── Dataset extract ──

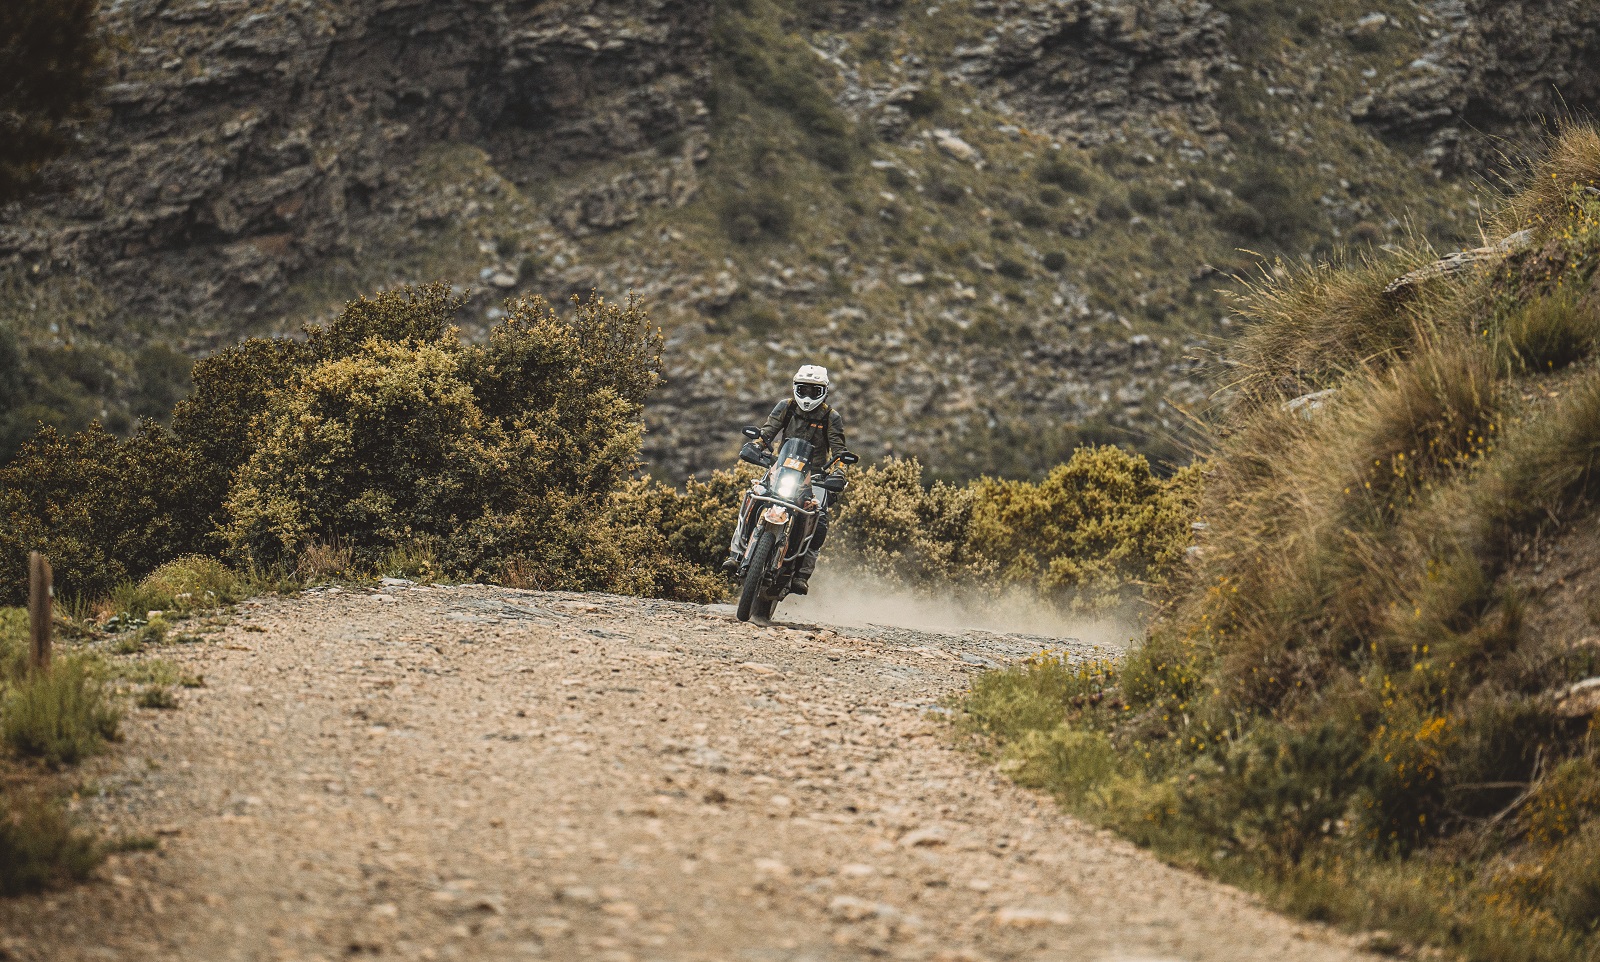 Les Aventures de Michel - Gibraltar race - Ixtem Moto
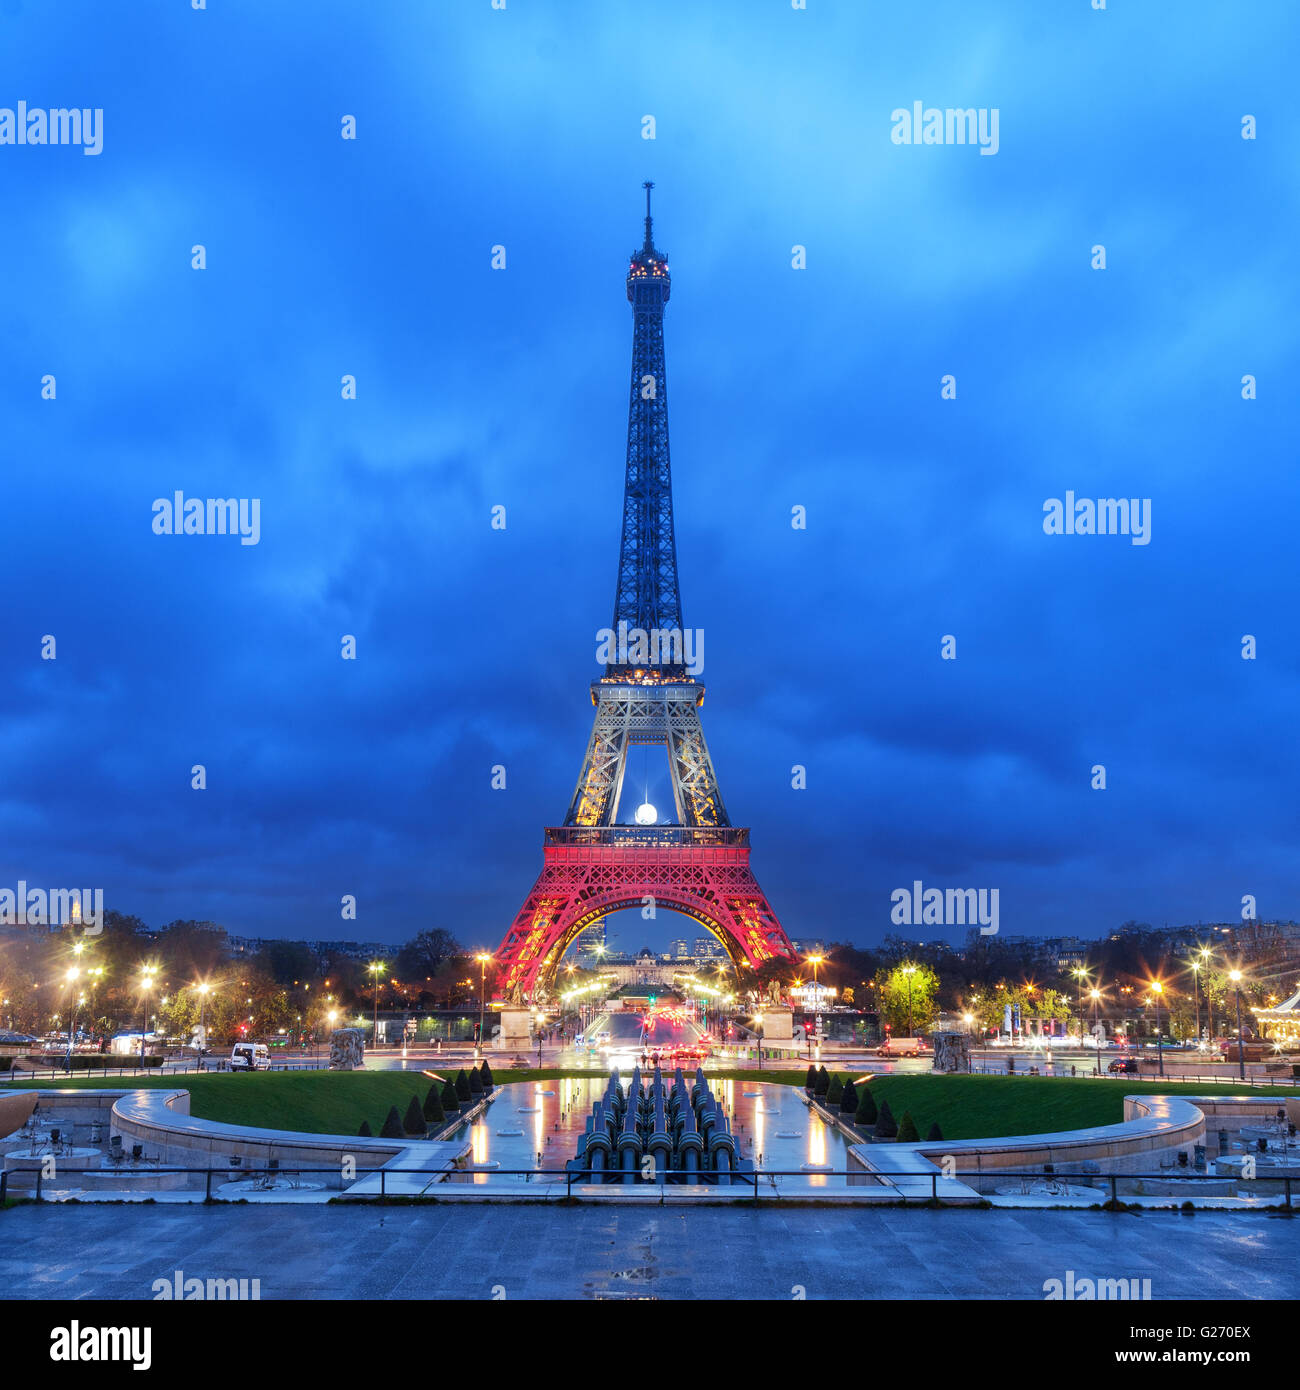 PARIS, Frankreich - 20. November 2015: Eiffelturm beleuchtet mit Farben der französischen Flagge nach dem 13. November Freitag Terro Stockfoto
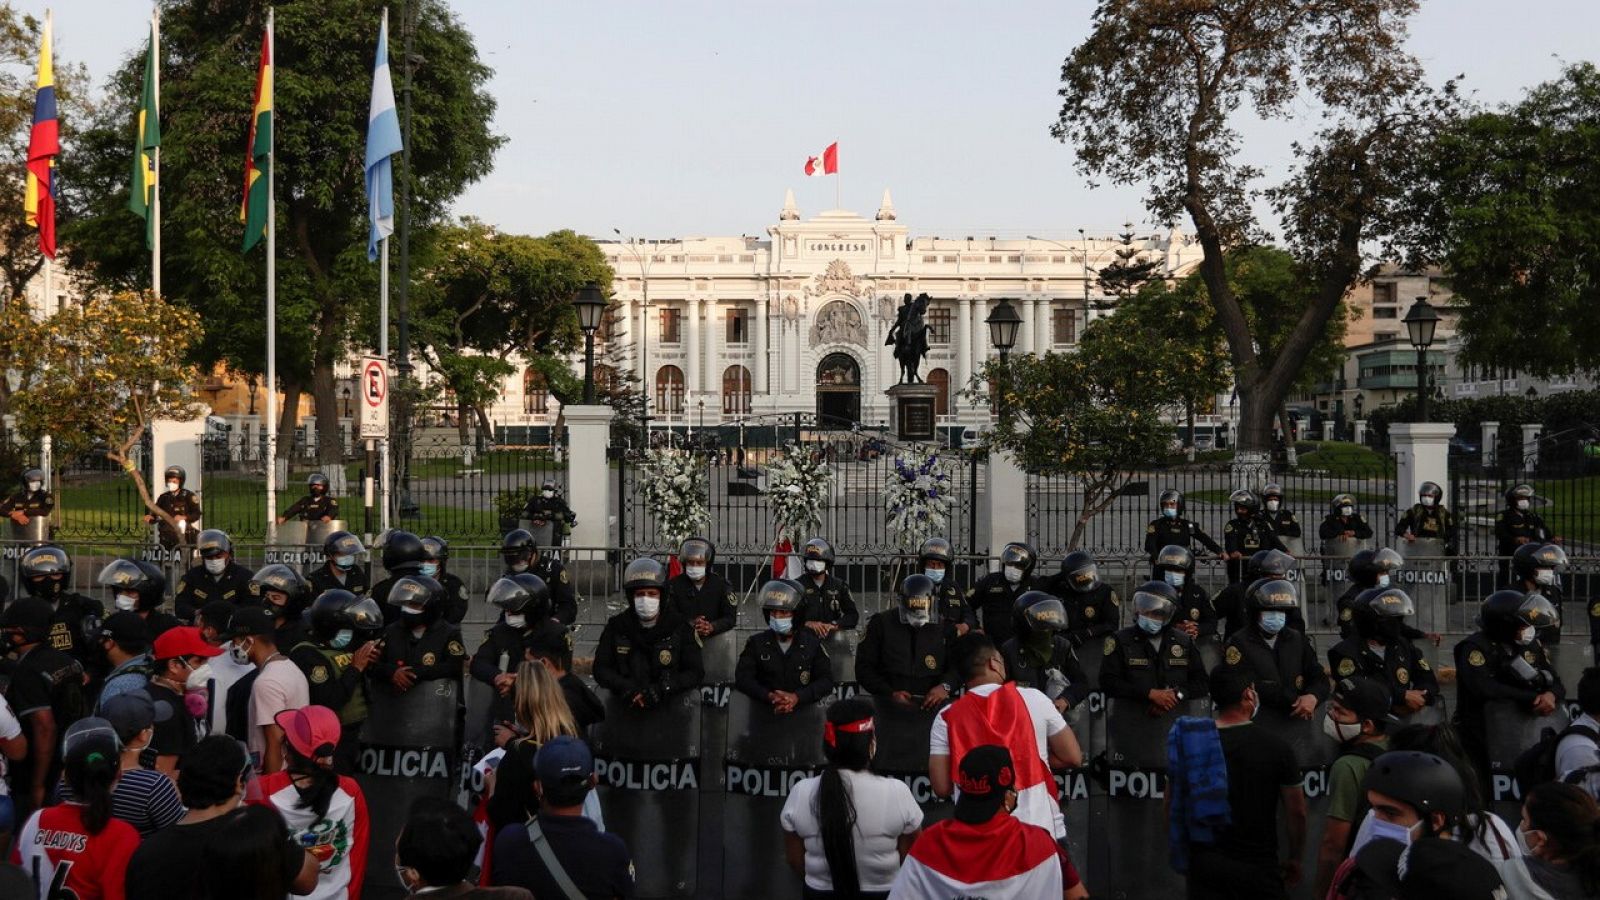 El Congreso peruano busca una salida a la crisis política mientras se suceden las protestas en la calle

───

The problem —
Write the lines from the line containing "PARIS, Frankreich - 20." through the last line of the data out again exactly, and only those lines; pictures stay out.

Solution for this task —
 PARIS, Frankreich - 20. November 2015: Eiffelturm beleuchtet mit Farben der französischen Flagge nach dem 13. November Freitag Terro Stockfoto
 El Congreso peruano busca una salida a la crisis política mientras se suceden las protestas en la calle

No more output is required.